Implementing MedGemma 1.5 as a Remote Zoo Model for FiftyOne#

Eval MedGemma Classifications

This repository integrates Google’s MedGemma models with FiftyOne, allowing you to easily use these powerful medical AI models for analyzing and classifying medical images in your FiftyOne datasets.

ℹ Important! Be sure to request access to the model!#

This is a gated model, so you will need to fill out the form on the model card: https://huggingface.co/google/medgemma-1.5-4b-it

Approval should be instantaneous.

You’ll also have to set your Hugging Face in your enviornment:

export HF_TOKEN="your_token"

Or sign-in to Hugging Face via the CLI:

hf auth login

What is MedGemma?#

MedGemma is a collection of Gemma 3 variants that are trained specifically for medical text and image comprehension. These models excel at understanding various medical imaging modalities including:

Chest X-rays
Dermatology images
Ophthalmology images
Histopathology slides

This integration is for MedGemma 1.5 4B, a multimodal version that can process both images and text

Installation#

First, ensure you have FiftyOne installed:

pip install fiftyone

Then register this repository as a custom model source:

import fiftyone.zoo as foz
foz.register_zoo_model_source("https://github.com/harpreetsahota204/medgemma_1_5", overwrite=True)

Usage#

Download and Load the Model#

import fiftyone.zoo as foz

# Download the model (only needed once)
foz.download_zoo_model(
    "https://github.com/harpreetsahota204/medgemma_1_5",
    model_name="google/medgemma-1.5-4b-it", 
)

# Load the model
model = foz.load_zoo_model(
    "google/medgemma-1.5-4b-it"
)

Setting the Operation Mode#

The model supports three main operations:

# For medical image classification
model.operation = "classify"

# For visual question answering on medical images
model.operation = "vqa"

# For anatomical structure and pathology detection
model.operation = "detect"

Classification Example#

import fiftyone as fo
from fiftyone.utils.huggingface import load_from_hub

dataset = load_from_hub(
    "Voxel51/MedXpertQA",
    name="MedXpertQA",
    max_samples=10,
    overwrite=True
)

# Set classification parameters
model.operation = "classify"
model.prompt = "What medical conditions are visible in this image?"

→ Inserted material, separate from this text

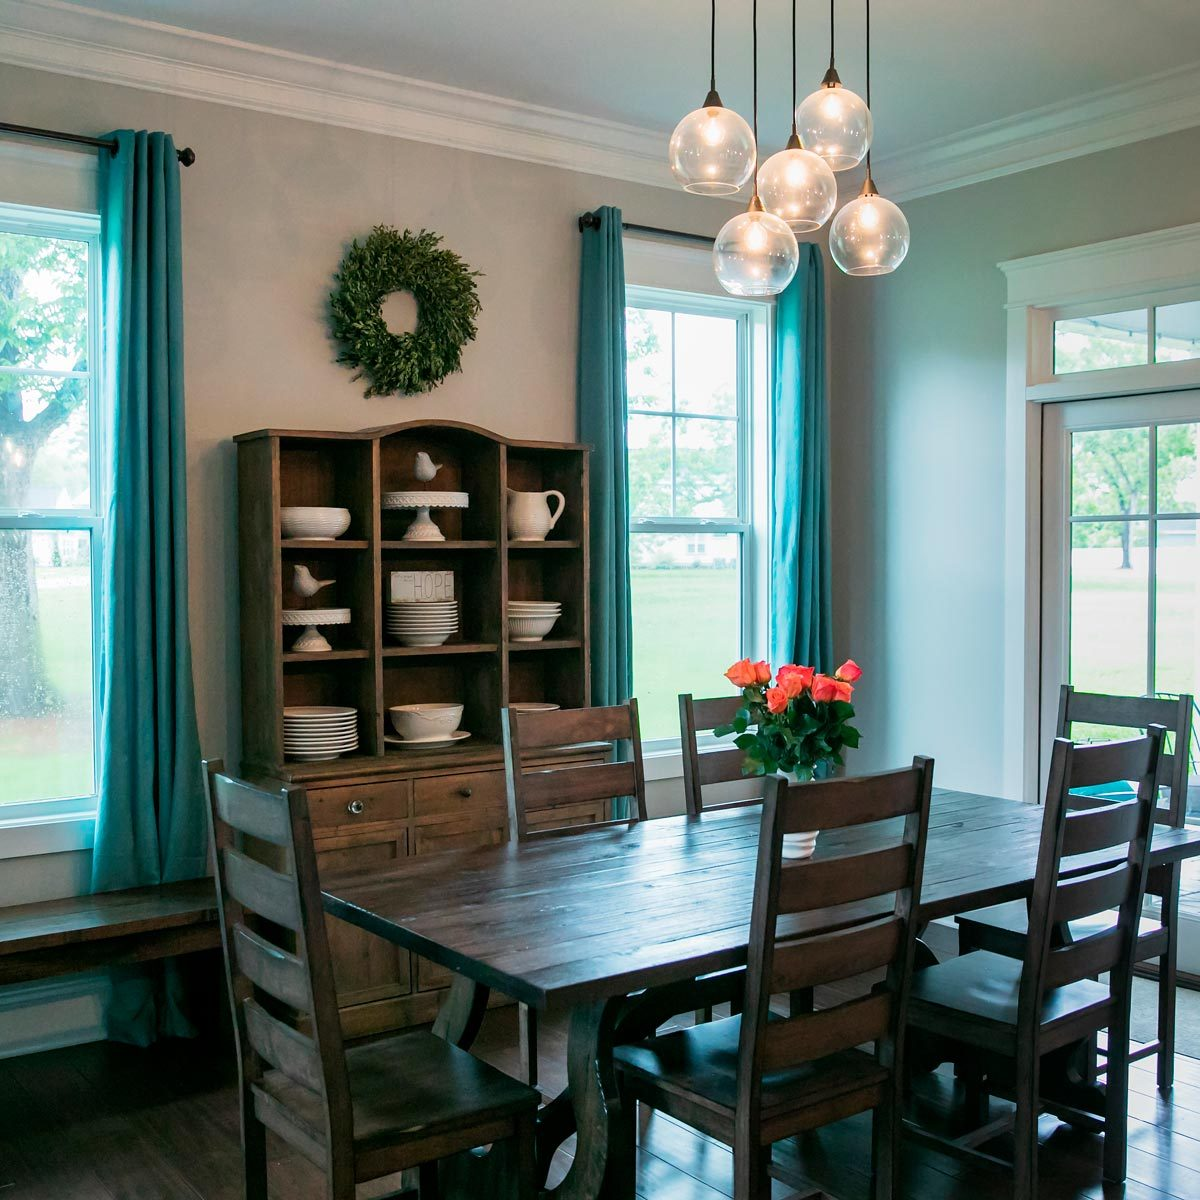 The Best Simple Dining Room Ideas: Stylish Dining Room Curtain Ideas

# Run classification on the dataset
dataset.apply_model(model, label_field="medgemma_classifications")

Visual Question Answering Example#

# Set VQA parameters
model.operation = "vqa"
model.prompt = "Is there evidence of pneumonia in this chest X-ray? Explain your reasoning."

# Apply to dataset
dataset.apply_model(model, label_field="pneumonia_assessment")

Detection Example#

Localize anatomical structures and pathologies in medical images. The model outputs bounding boxes in FiftyOne’s Detections format.

# Set detection mode
model.operation = "detect"

# Get labels to detect (e.g., from ground truth)
labels = dataset.distinct("detections.detections.label")
labels_str = ", ".join(labels)

# Prompt for localization
model.prompt = f"""Locate the following in this scan: {labels_str}. 
Output the final answer in the format "Final Answer: X" where X is a JSON list of objects. 
The object needs a "box_2d" and "label" key. 
If the object is not present in the scan, skip it and don't output anything for that object.
Answer:"""

# Apply detection
dataset.apply_model(
    model,
    label_field="pred_detection",
    batch_size=8,
    num_workers=4,
)

Note: Detection mode automatically applies square padding to preserve aspect ratio, ensuring bounding box coordinates map correctly between model output and the original image.

Batching for Faster Inference#

MedGemma supports efficient batch processing for significantly faster inference on large datasets. Use batch_size and num_workers parameters:

Global Prompt with Batching#

Set a single prompt that applies to all samples:

# Get unique labels from your dataset
body_system_labels = dataset.distinct("modality.label")

model.operation = "classify"
model.prompt = "As a medical expert your task is to classify this image into exactly one of the following types: " + ", ".join(body_system_labels)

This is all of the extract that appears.